Macrophage Polarization.

Murine bone-marrow-derived macrophages (BMDMs) were isolated from 8-week-old C57BL/6 wild-type mice as previously described.⁵³ Briefly, bone marrows from femurs and tibia were flushed out by injecting DMEM medium (Gibco). The cell suspension was filtered by 70 μm cell strainers (BD Falcon), centrifuged, and then lysed by ACK buffer (Gibco). BMDMs were cultured in macrophage-growth medium (MGM: DMEM + 10% FBS + 30% L929 medium). On day 6, cells were stimulated with LPS (500 ng/mL) + IFN-γ (25 ng/mL) for M1 polarization (M1(+)) or IL-4 (25 ng/mL) for M2 polariation (M2(+)), or left as untreated (UT) control.

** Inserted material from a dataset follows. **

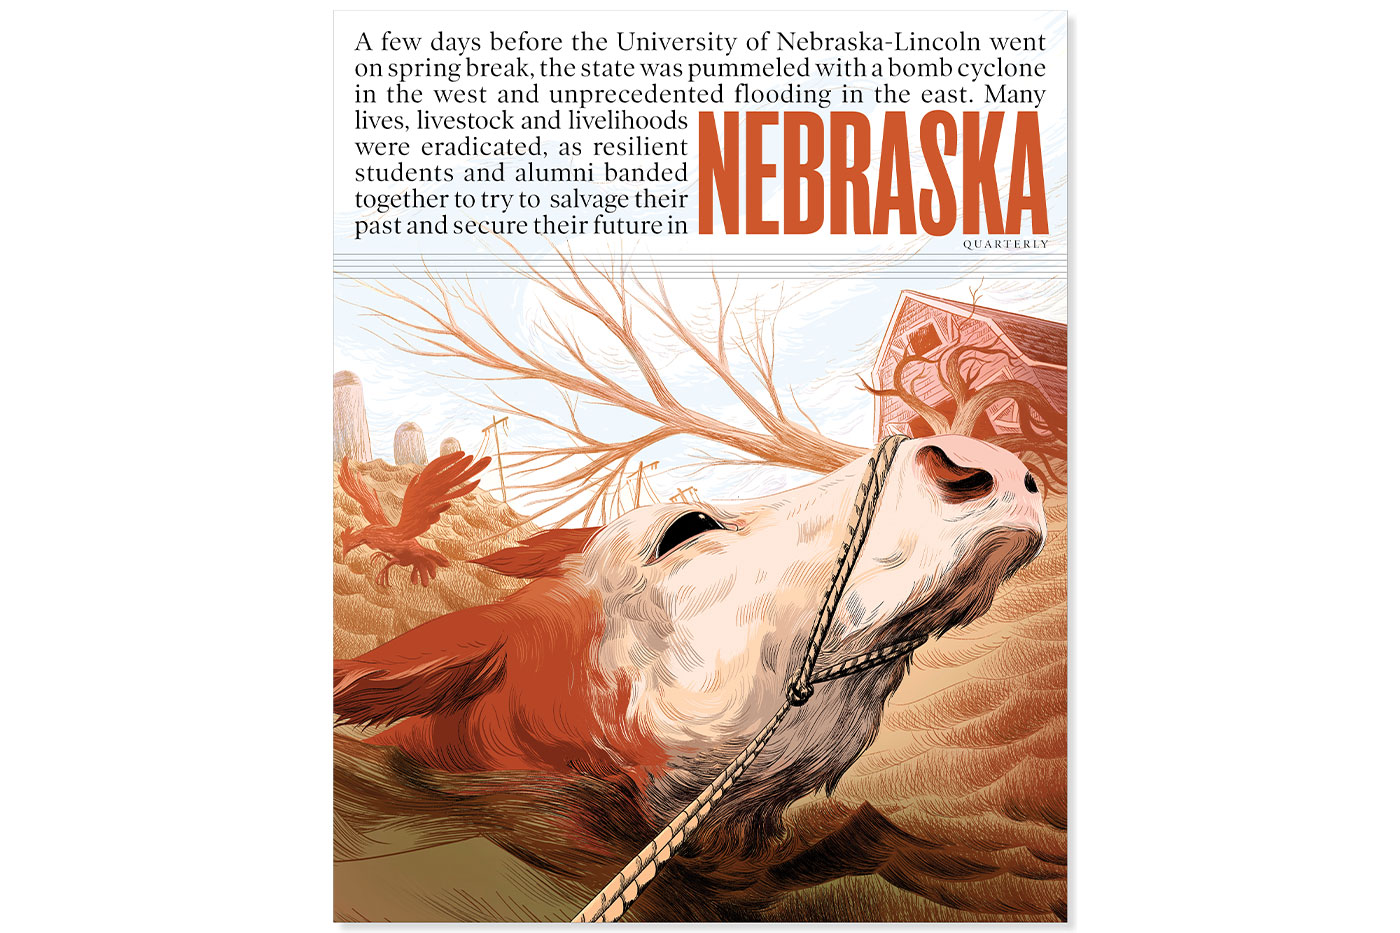 Nebraska Quarterly, Summer 2019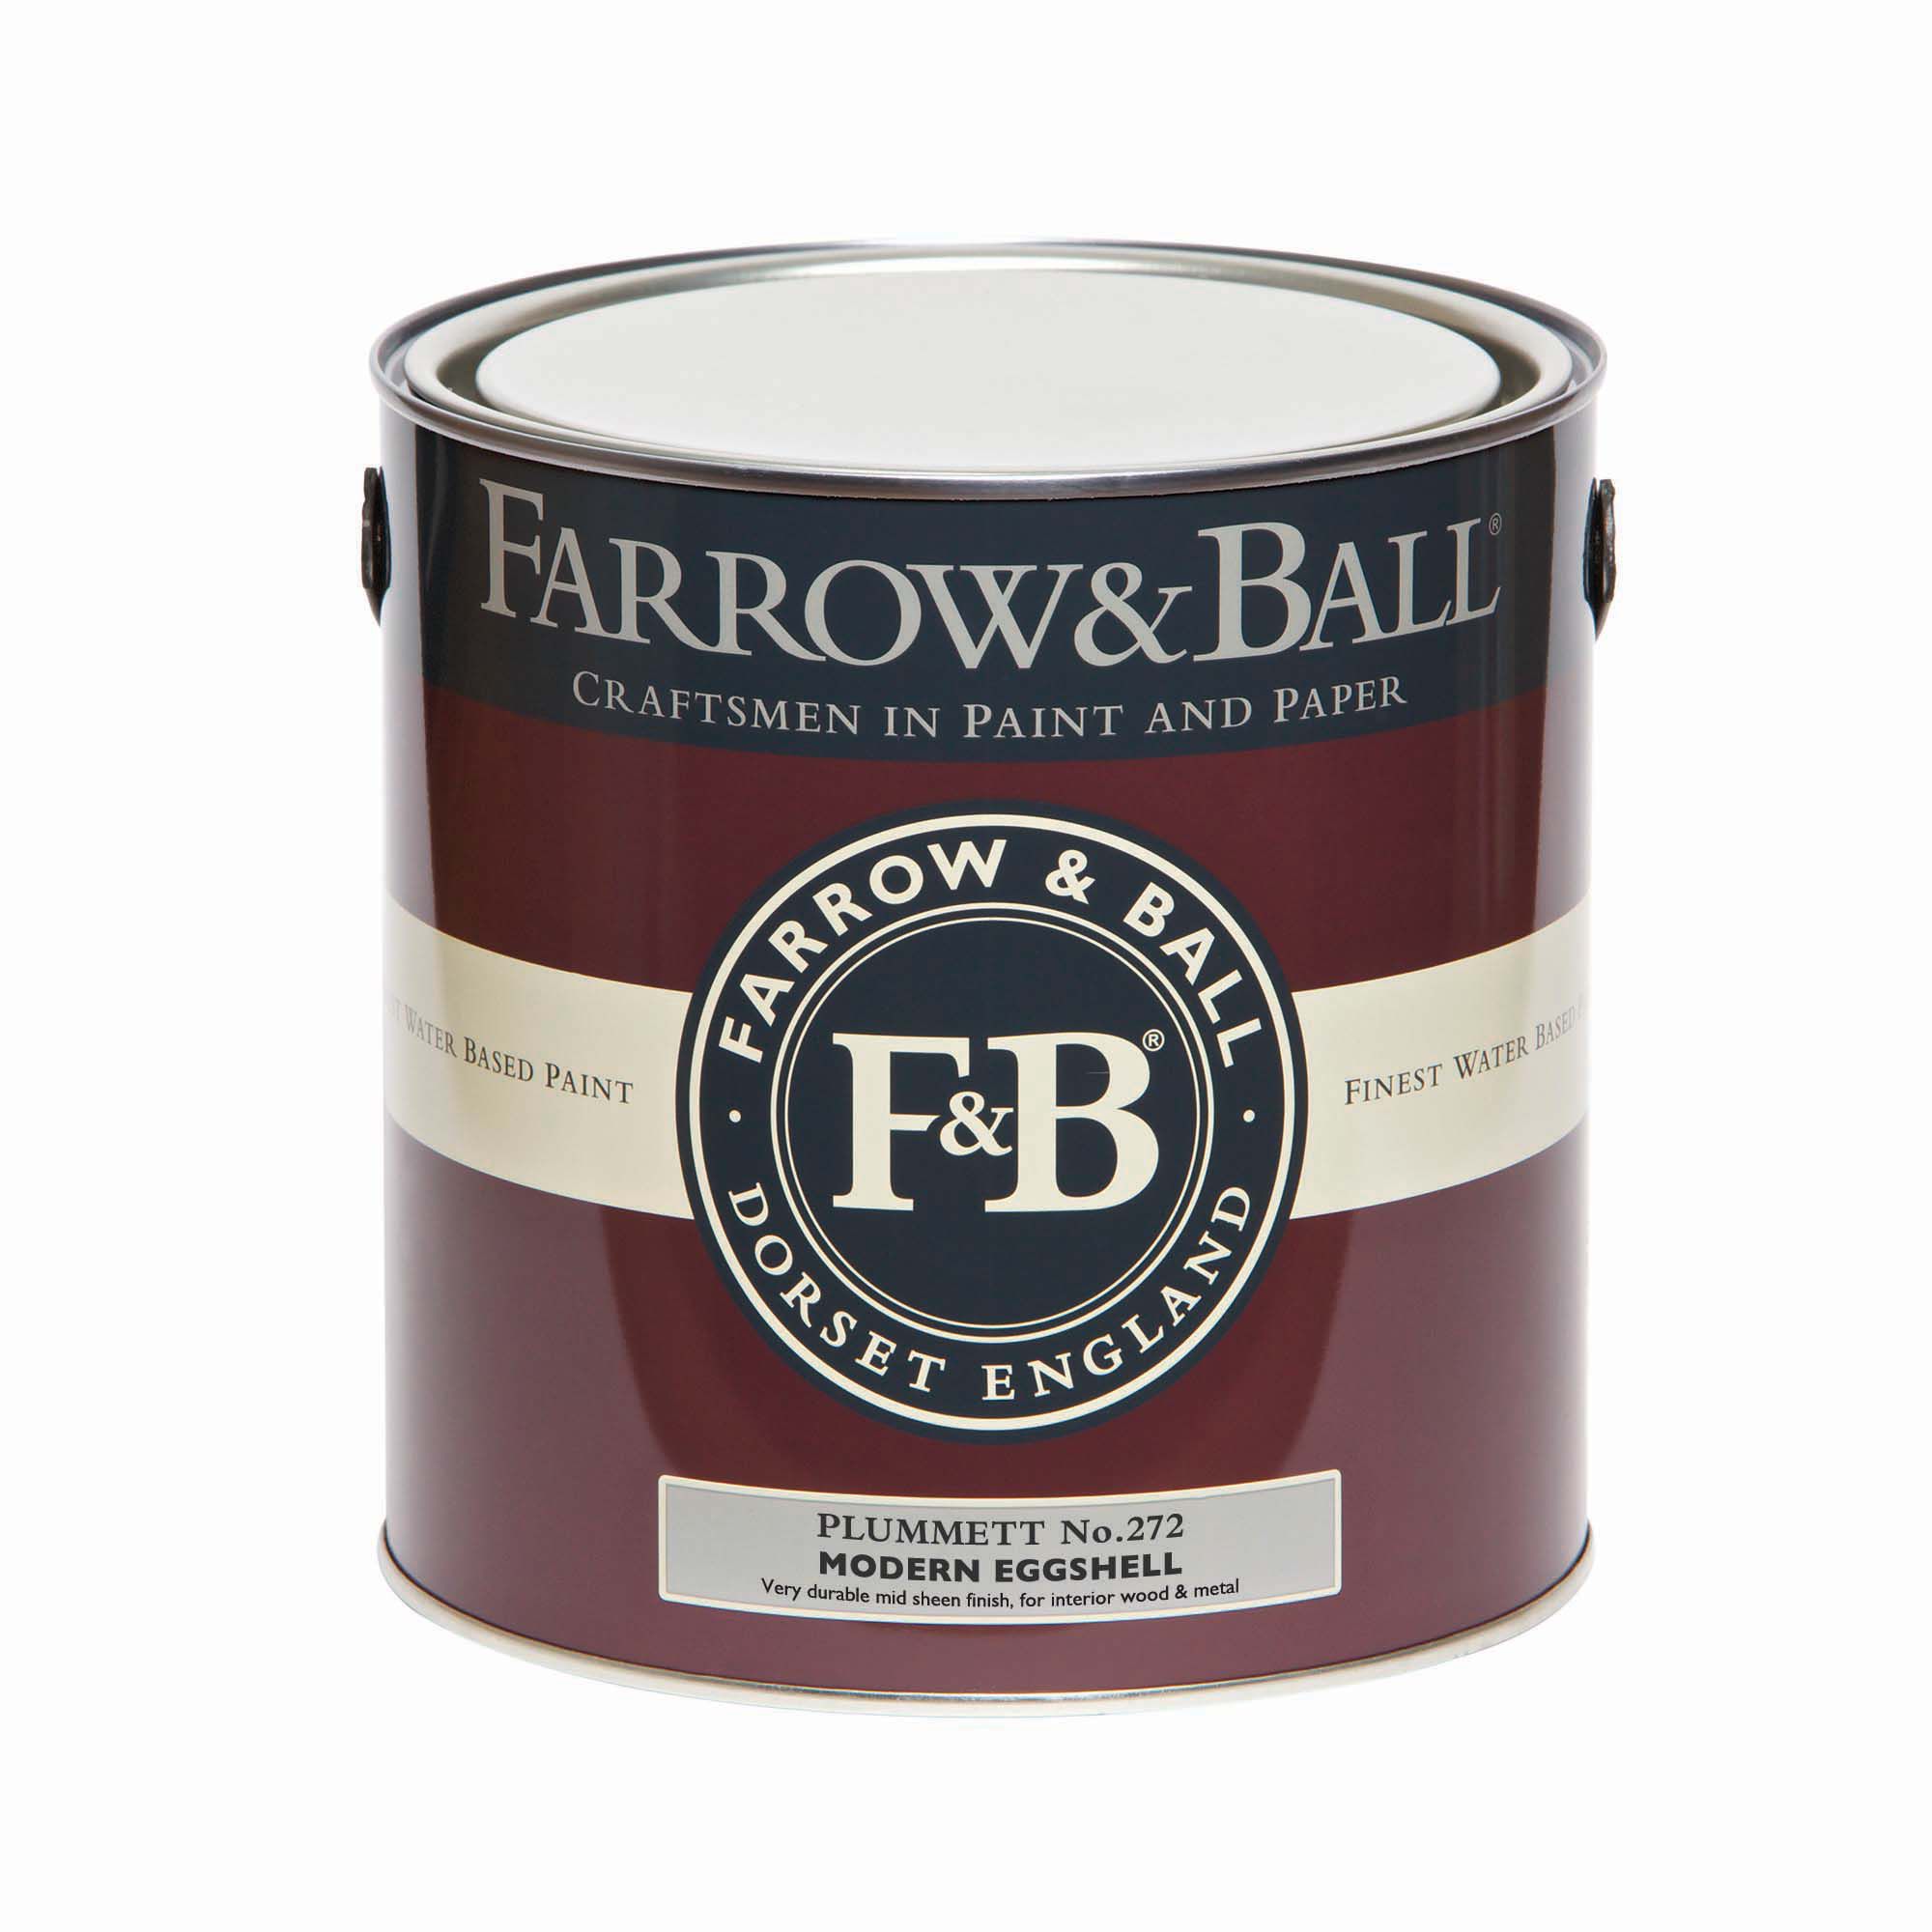 Farrow & Ball Modern Plummett No.272 Eggshell Paint, 2.5L

On day 7, M2 cells were treated with 1 μg/mL of CpG delivered as soluble or PRINT-CpG or an equivalent amount of blank PRINT-NP. On day 8, all cells were harvested for gene expression analysis (Fizz1, Ym1, and Mrc1) by using TaqMan primer/probe sets and master mix (Applied Biosystems); supernatants were collected for IL-6 and TNF cytokine detection by ELISA (BD).

Serum Analysis.

Blood was collected (via submandibular bleeds) into BD microtainer SST tubes prior to harvesting tissues for the flow cytometry and PCR analysis. Tubes were spun at 1200g for 10 min to separate the serum. Cytokines in the serum samples were assayed with cytokine ELISA kits (BD) following manufacturer’s instructions. Clinical chemistry testing for ALB, ALT, and CREAT was conducted by UNC’s Animal Histopathology and Lab Medicine Core.

Statistical Analysis.

Statistical comparison in all different experimental conditions was done with the Prism software (version 8.0, GraphPad Software Inc.) using two-way ANOVA. Survival was plotted using a Kaplan–Meier survival curve, and statistical significance was determined by the log-rank (Mantel-Cox) test. A P value of less than 0.05 was considered significant.